If you're not much of a numbers person, know that Trump has been complaining about refugees being "filthy," undesirable people who -- greatest of all sins -- don't immediately turn a profit for America upon their arrival from countries devastated by war or natural disasters. Remember the casual cruelty toward the supposed "gang members" who were Hurricane Dorian survivors?
A refugee isn't just anyone who wants to immigrate because they long for the bucolic splendor of Minnesota in mid-February. They've been forced to leave their home due to war, persecution, etc., and they have legal rights under international law. So if a bunch show up at your border, you can't shove them in a shipping container and throw a few loaves of bread in every week. Conversely, countries taking in refugees can legally subject them to security screenings (though Fox News wants you to think you'll be forced to take an al-Shabaab militant as a roommate). While criminals do try to manipulate the process, attempts are rare. America took in 800,000 refugees between 2001 and 2016, and later arrested a grand total of five of them on terrorism charges. Worldwide, refugees are far more likely to be the victims of violence than the perpetrators, because their vulnerable status makes them easy to scapegoat.
But that scapegoating can sure be convenient if your disdain for helping foreigners is a feature and not a flaw for your supporters. In 1942, a ship full of Jewish refugees arrived in New York City, and a Gestapo agent was among them. He was caught during the screening process and put on trial, and that was all that was needed to start the scaremongering. An American ambassador blamed the fall of France on a vast refugee spy ring, and Roosevelt himself argued that refugees had been coerced into spying -- all without a shred of proof.
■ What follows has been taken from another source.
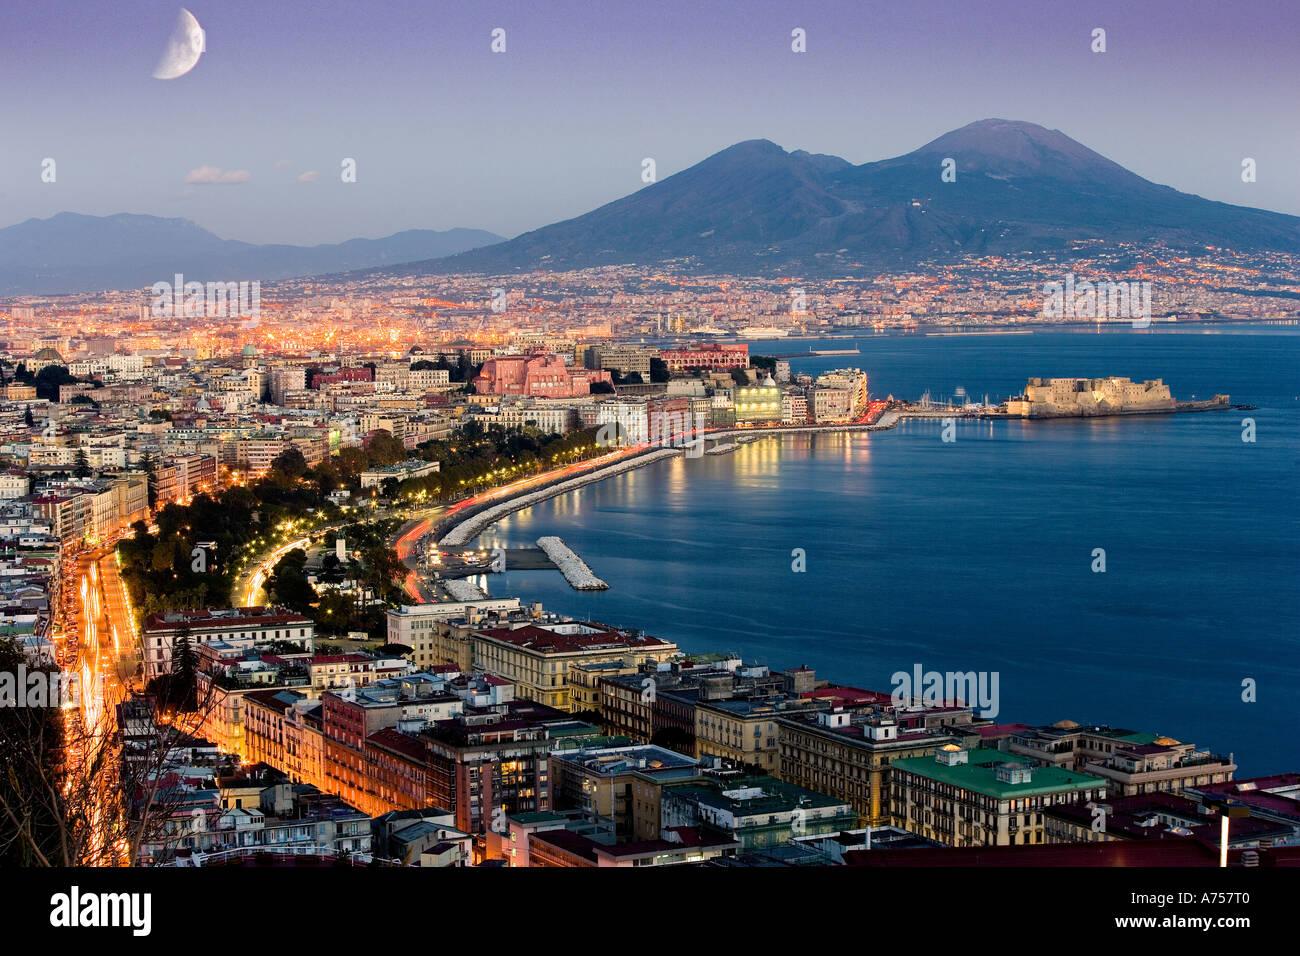 Grand Hotel Europa Neapel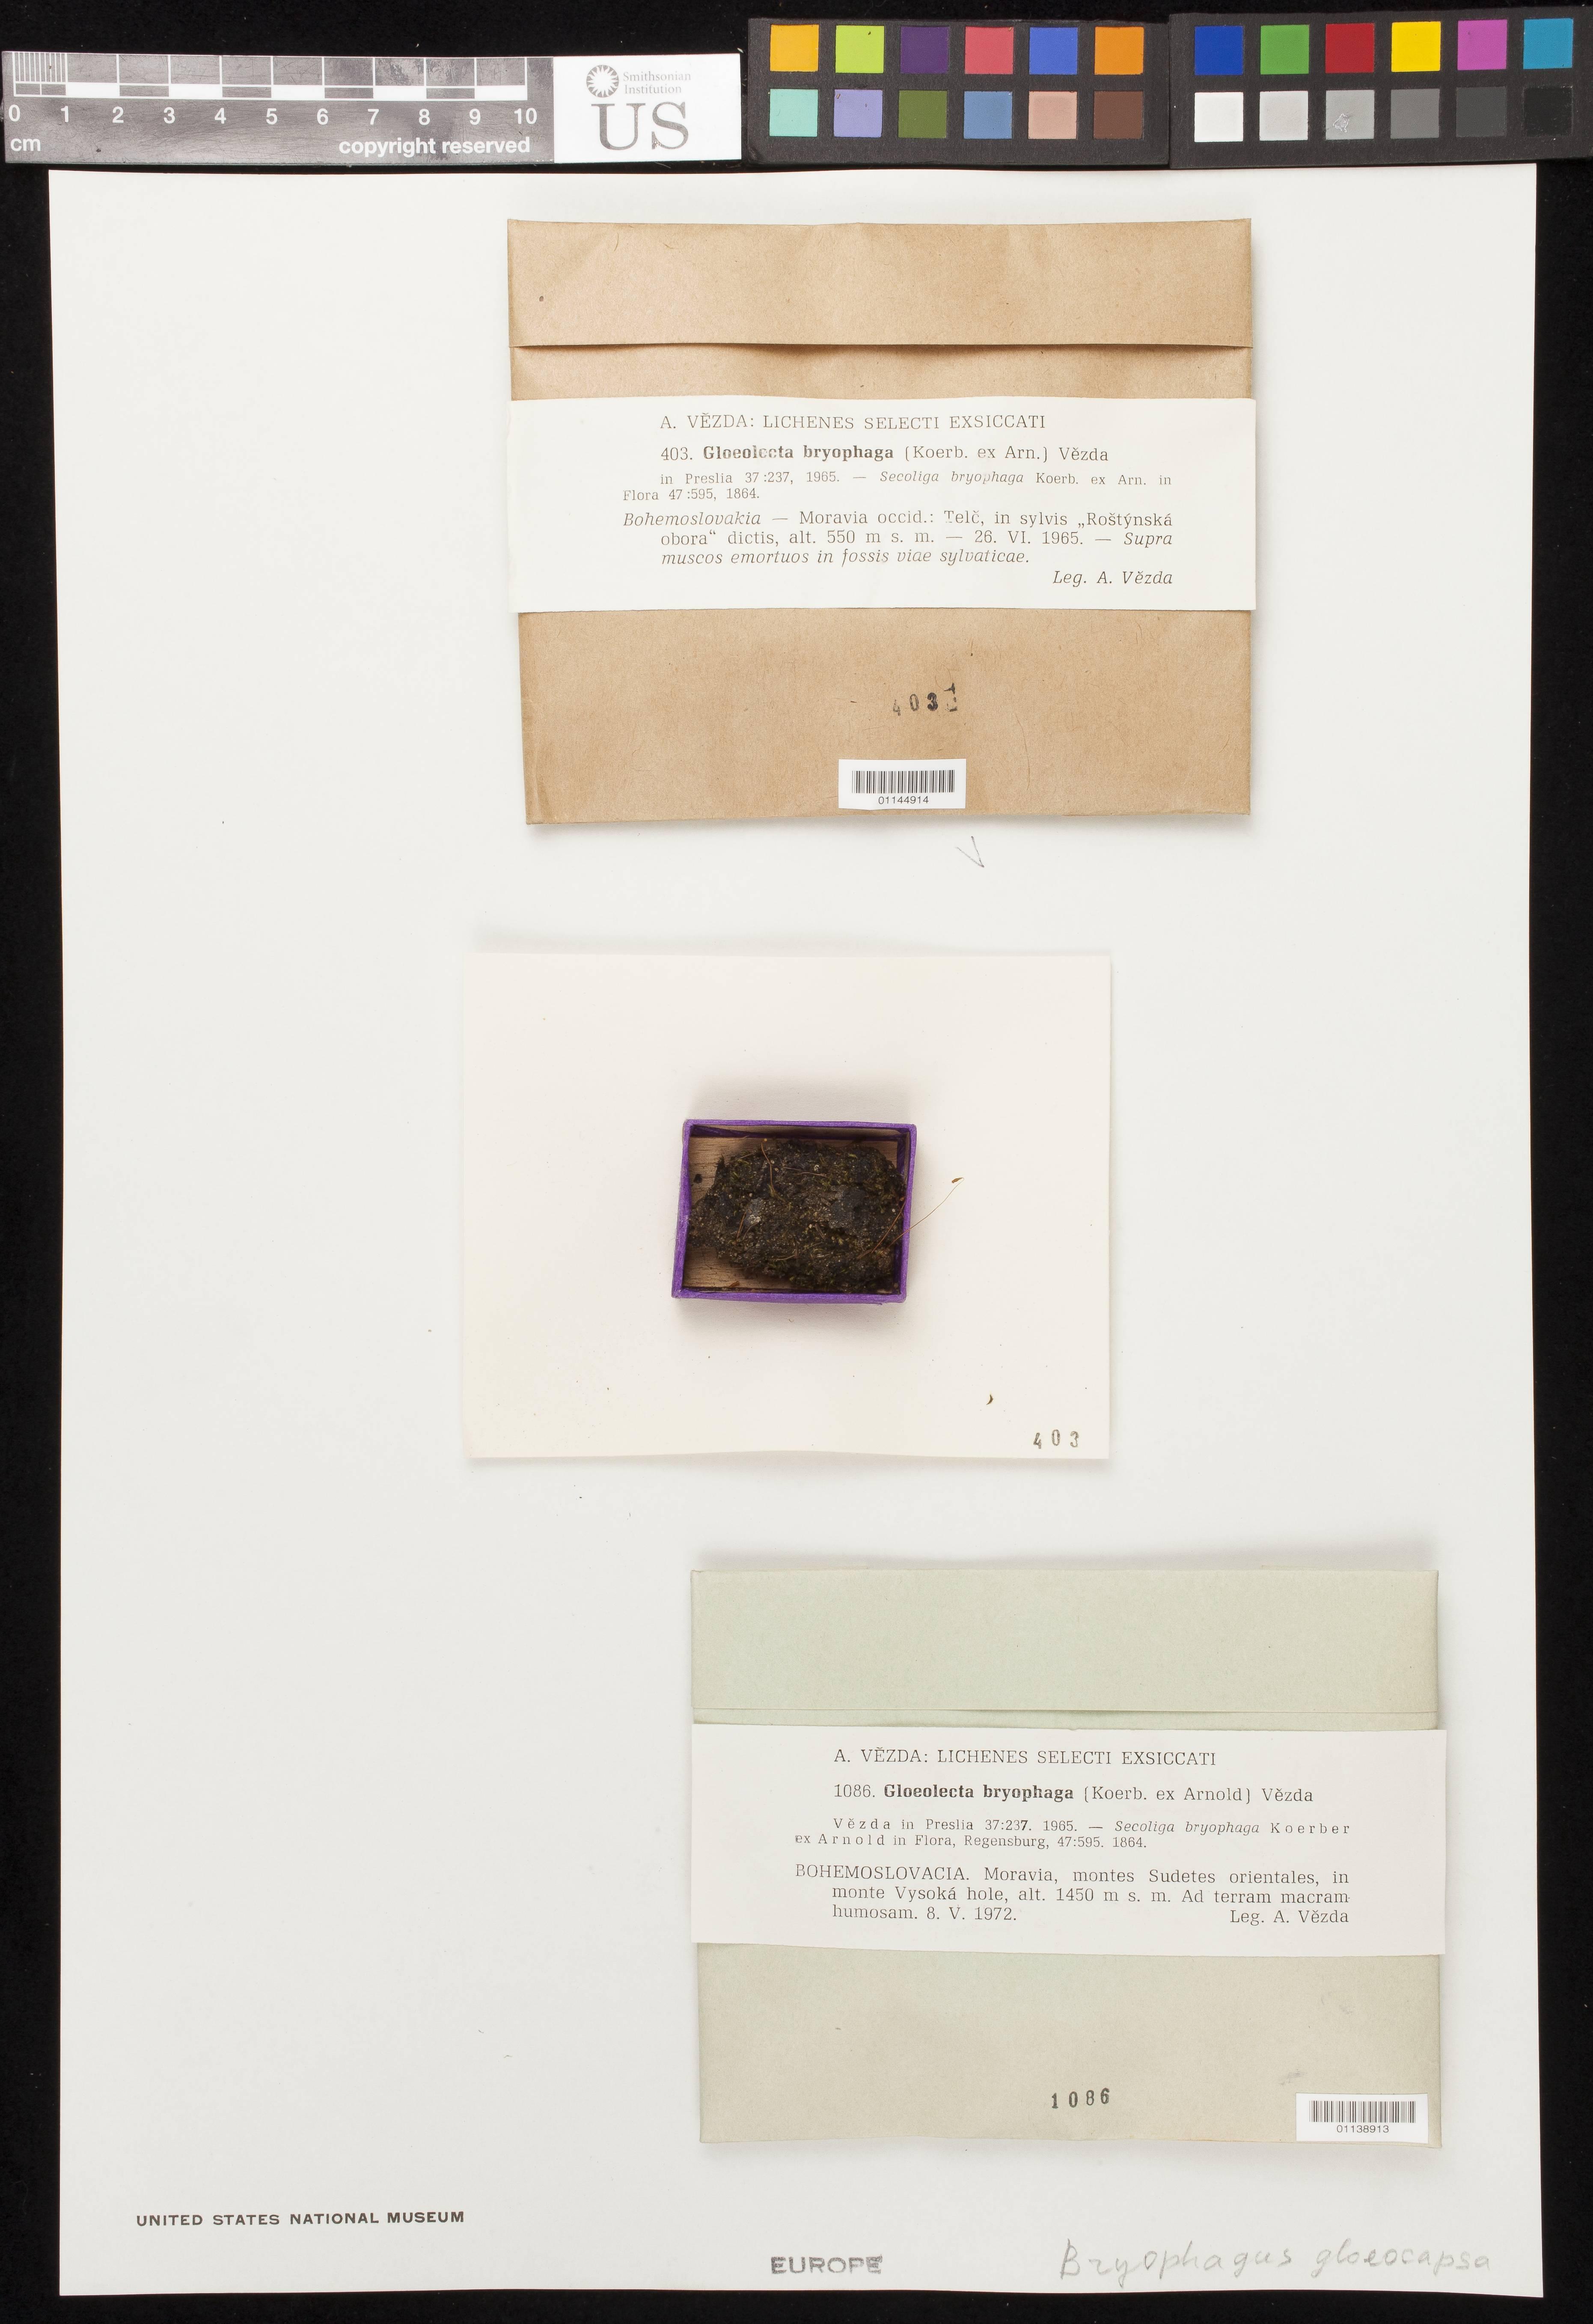 Image of <i>Bryophagus gloeocapsa</i> (Nitschke ex Arnold) Baloch, Gilenstam & Wedin

In 1938, America received 125,000 visa applications from Germany and annexed Austria, but only accepted 27,000. And restrictions only tightened as the war went on and the immigration crisis grew. By the end of 1944, at which point the Holocaust was becoming well-known, Roosevelt was advised to reject all refugees. A Treasury Department report that called the State Department "guilty not only of gross procrastination and wilful failure to act, but even of wilful attempts to prevent action from being taken to rescue Jews from Hitler" finally convinced Roosevelt to accept tens of thousands of people. But that wasn't much help to those who had already been rejected and forced back home to face death.
For all the fears of dramatic terrorism, the real risk is in innocent people quietly dying in the bowels of the system they're trapped in. But hell, at least back then, they had the "We're at war" excuse, instead of "Those dark-skinned folks don't spend much money on our president's properties."
Trump's Unfocused Crackdown On Refugees Was Predated By Eisenhower's
Surprisingly, the Trump administration has deported far fewer undocumented immigrants than Obama, Bush, and Clinton. In 2012, the Obama administration deported 409,849 people, while Trump has yet to top 260,000 in a year. But it's not the raw numbers that are the problem; it's the approach.
Previous deportation efforts focused on people with criminal records and new arrivals who hadn't begun to contribute to the economy, start a family, etc. Children were protected, and undocumented immigrants who'd already put down roots weren't emphasized. Trump's efforts have been geographically broader, and family-focused in the worst sense of the term. These are people who, for various legal reasons, are entitled to due process in front of an overworked immigration court system, and that means ICE jails are jammed full of immigrants stuck in limbo. While deportation numbers are down, the government is holding more immigrants than ever before, and has initiated more deportation proceedings than at any point in the last 25 years.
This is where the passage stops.